Serbuan yang sering dilakukan oleh Ben-Gvir ke Masjid Al Aqsa dan pernyataannya yang menganjurkan doa-doa Yahudi di tempat itu telah memicu gelombang kecaman dari dunia Arab dan Islam serta masyarakat internasional.
Masjid Al-Aqsa memiliki kepentingan keagamaan yang signifikan sebagai situs tersuci ketiga dalam Islam setelah Masjidil Haram di Mekkah dan Masjid Nabawi di Madinah. Sementara beberapa orang Yahudi, yang menyebutnya sebagai Temple Mount, percaya bahwa lokasi tersebut adalah situs dua kuil Yahudi kuno.
Perkembangan ini bertepatan dengan komentar Ben-Gvir yang dipublikasikan pada hari Senin (26/8/2024). Ia secara terbuka menyarankan agar dia membangun sinagoga di kompleks Al-Aqsa jika dia bisa. Komentarnya menimbulkan kecaman luas di Timur Tengah. Para pemimpin di Yordania, Qatar dan Arab Saudi mengecam berlanjutnya penargetan tempat-tempat suci tersebut.
Ben-Gvir mengepalai partai ekstremis Kekuatan Yahudi, yang digambarkan sebagai fasis dan anti-Arab, di mana Menteri Warisan Eliyahu juga menjadi anggotanya. Ben-Gvir telah mengadvokasi pengusiran warga Palestina dari Gaza, pembangunan permukiman ilegal Israel di wilayah Palestina, dan penembakan terhadap perempuan dan anak-anak Palestina.
Begitu pula dengan Menteri Warisan Eliyahu yang menjabat sejak 2022, juga melontarkan pernyataan ekstrem yang sama selama operasi militer Israel di Gaza. November lalu, Eliyahu secara kontroversial menyatakan bahwa “menggunakan senjata nuklir adalah sebuah pilihan” bagi tentara Israel dan berpendapat bahwa Gaza “tidak mempunyai hak untuk hidup.”
Beberapa Anggota Kabinet tak Sepaham
Sebenarnya, tidak semua menteri di Kabinet Netanyahu setuju dengan langkah Ben-Gvir.

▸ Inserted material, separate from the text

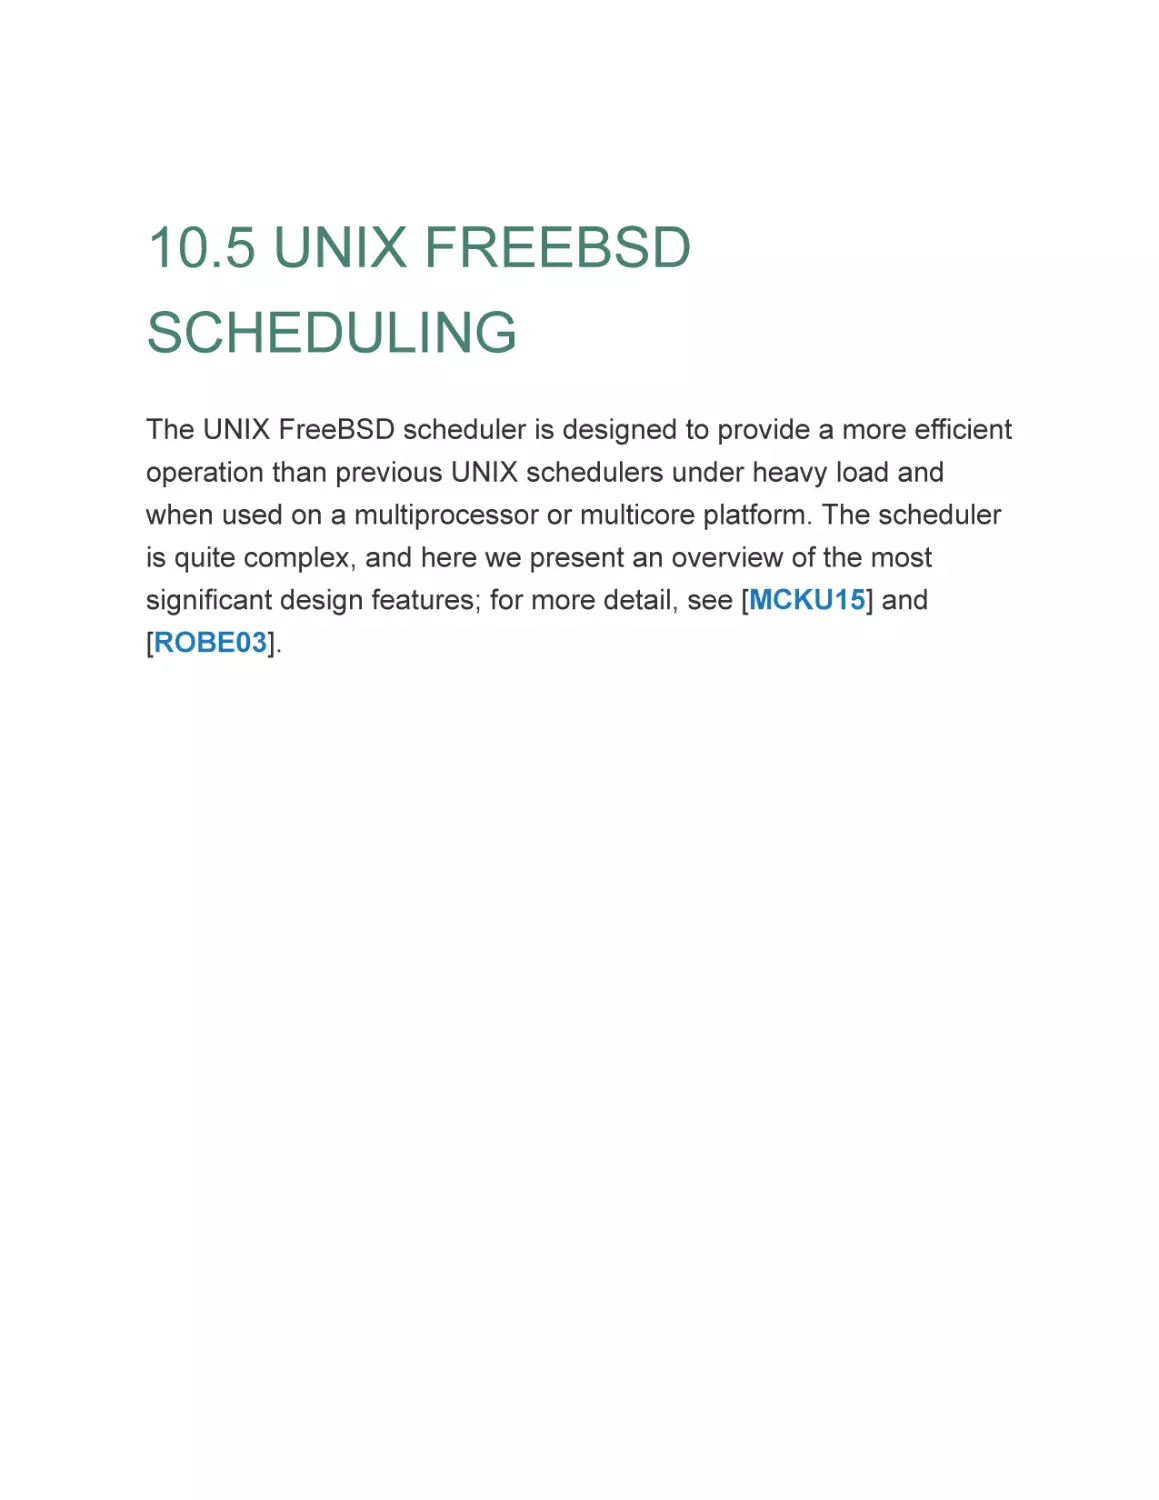 10.5 UNIX FREEBSD SCHEDULING
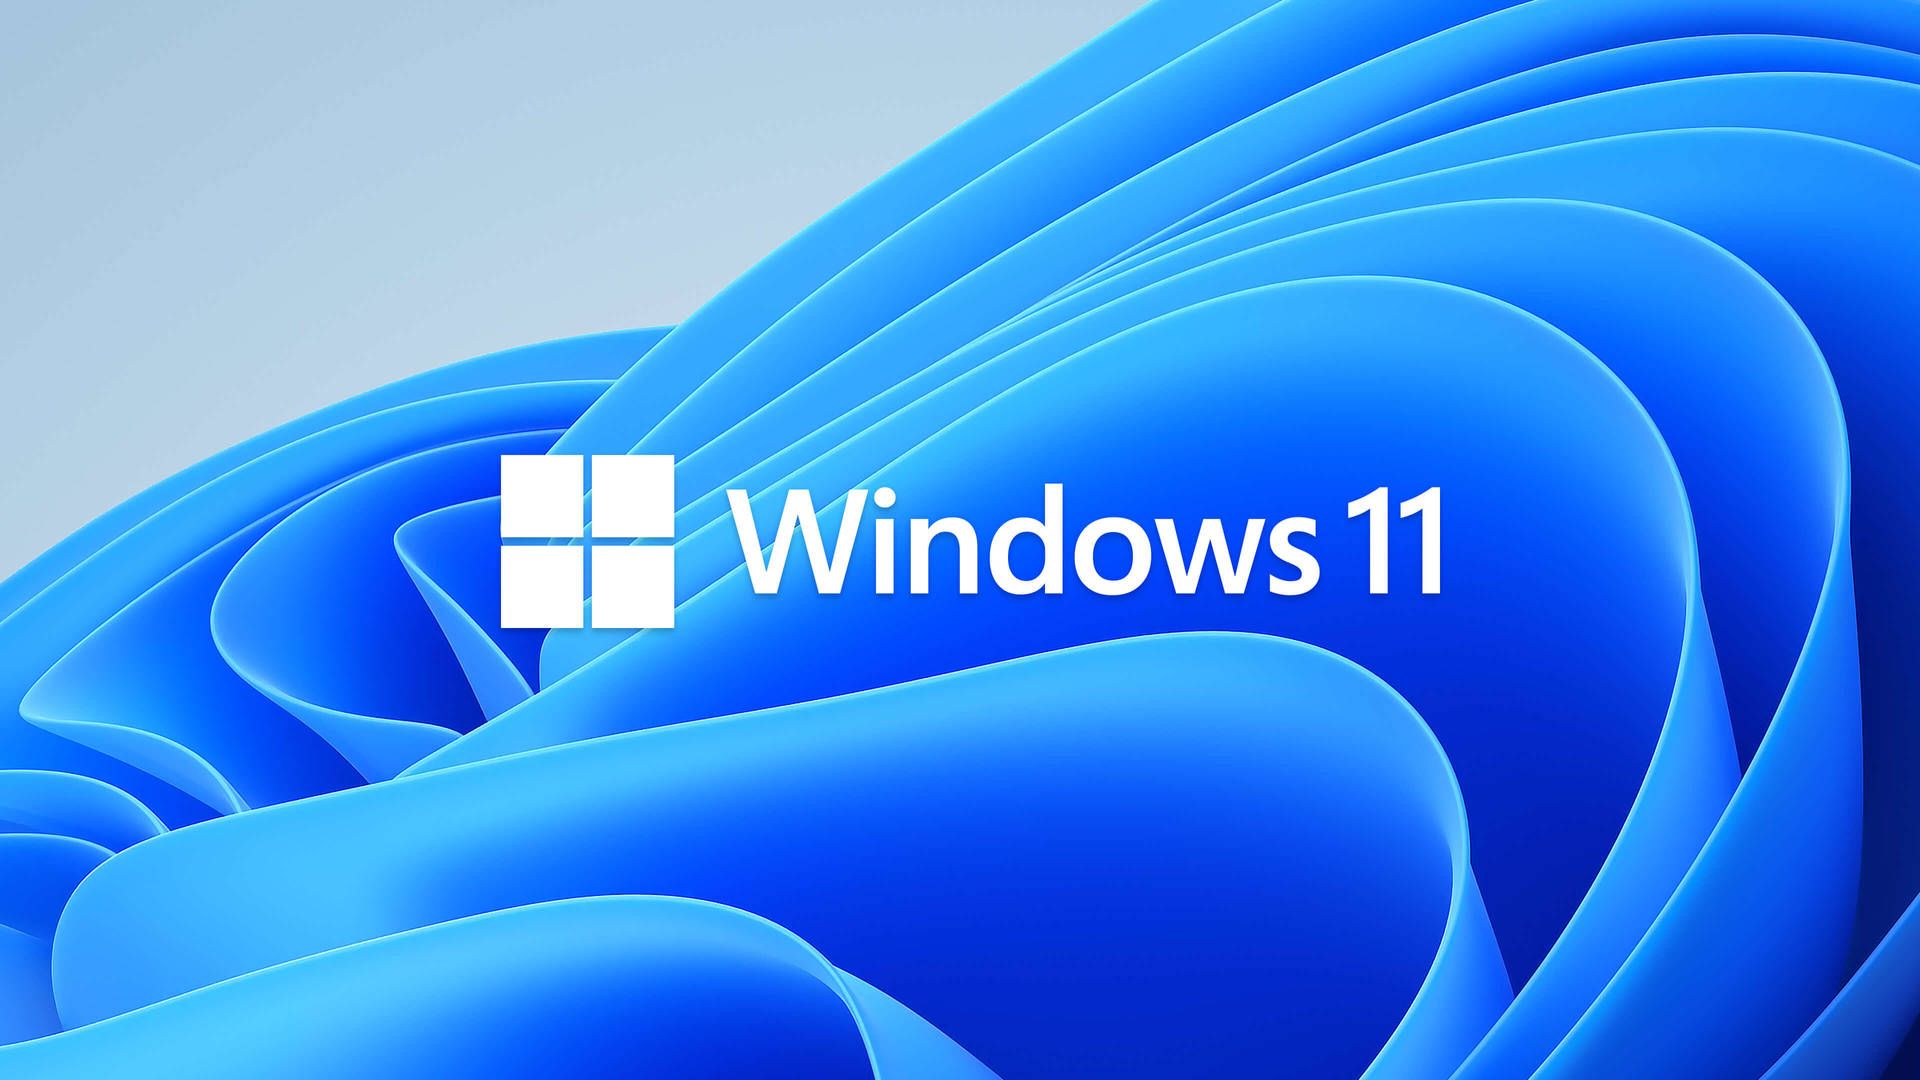  Windows 11 Hintergrundbild 1920x1080. Windows 11 Wallpaper

Beberapa partai-partai agama Israel marah dan menentang penyerbuan ke tempat suci itu umat Muslim itu.
Menteri Dalam Negeri Israel Moshe Arbel dari Partai Shas mengatakan, pernyataan Ben-Gvir dinilai tidak bertanggung jawab dan membahayakan aliansi strategis Israel dengan negara-negara Islam yang menjadi bagian dari membantu melawan poros kejahatan Iran. “Kurangnya kecerdasannya dapat menyebabkan pertumpahan darah,” ia memperingatkan.
Sementara Menteri Pertahanan Yoav Gallant, yang semakin sering berselisih dengan Ben-Gvir, menuduh menteri tersebut membahayakan Israel dengan komentar-komentarnya. “Tindakan Ben-Gvir membahayakan keamanan nasional Israel dan internasionalnya,” tulis Gallant di X. “Tindakan posisi yang dilakukan IDF kemarin untuk menggagalkan serangan Hizbullah memperkuat Israel, pernyataan Ben-Gvir menyertakannya.”
Sedangkan Menteri Pendidikan Yoav Kisch dari Likud, yang mengatakan bahwa setiap perubahan dalam status quo di Temple Mount, terutama selama masa perang, harus dilakukan secara profesional di dalam kabinet, bersama dengan pemeriksaan terhadap semua makna dan konsekuensinya. “Pernyataan Menteri Ben-Gvir yang tidak bertanggung jawab di media tentang masalah ini adalah populisme yang bodoh dan tidak perlu,” kata Kisch.